ISTANBUL: The trial started on Monday of 17 people, mostly journalists, accused of links to last year’s failed coup attempt in Turkey, amid heightened concerns for press freedoms.
The defendants include prominent journalist Nazli Ilicak, former newspaper chief editor Ahmet Altan and his brother Mehmet Altan, an economics professor and writer. They have been accused of having prior knowledge of the coup attempt — which has been blamed on US-based cleric Fethullah Gulen — and of supporting it.
The three, who were staunch government critics, face life in prison if found guilty of charges. They are accused of “attempting to remove the constitutional order” and “committing a crime on behalf of an armed terrorist group without being a member of it, Turkish Hurriyet Daily News reported.
Ilicak and the Altan brothers are among six jailed defendants. Ten other suspects, including Ekrem Dumanli, the former editor in chief of the Gulen-linked Zaman newspaper, are at large and being tried in absentia.

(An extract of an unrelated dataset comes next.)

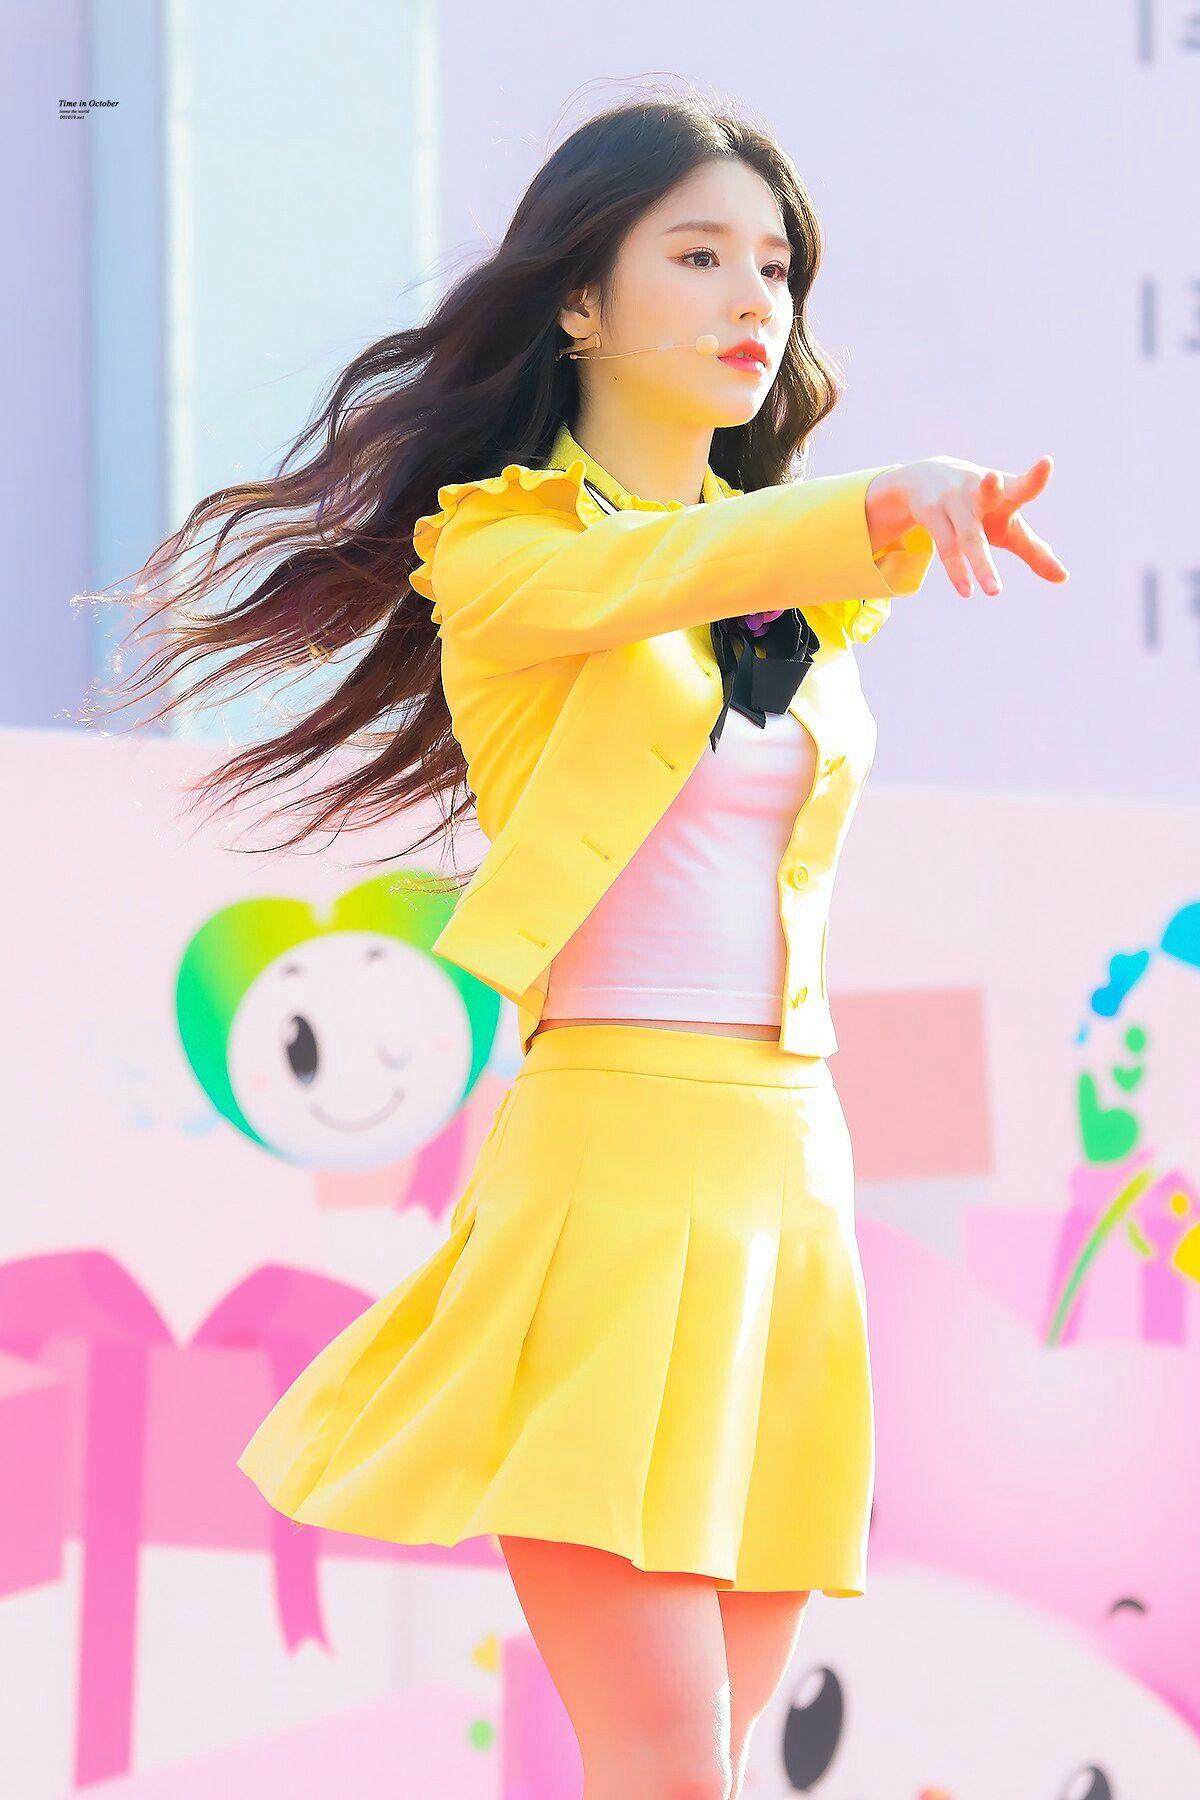 Pin by moonchild on LOOΠΔ   Kpop, Beautiful asian girls, Korean girl

Another defendant is free pending the verdict.
Reporters Without Borders, the media advocacy group, called for the immediate release of Ilicak and the Altan brothers, who have been in pre-trial detention since July and September.
“It is high time that the Turkish authorities ended their systematic criminalization of critics,” the group said. “The already worrying situation of its media has become critical under the state of emergency proclaimed after the 2016 coup attempt.”
Turkey has arrested some 50,000 people in a massive crackdown following the failed coup and dismissed tens of thousands of other people from government jobs. Around 150 media organizations have been closed down and more than 100 journalists have been jailed.
Gulen, who is in self-imposed exile in the US, has denied involvement in the coup attempt.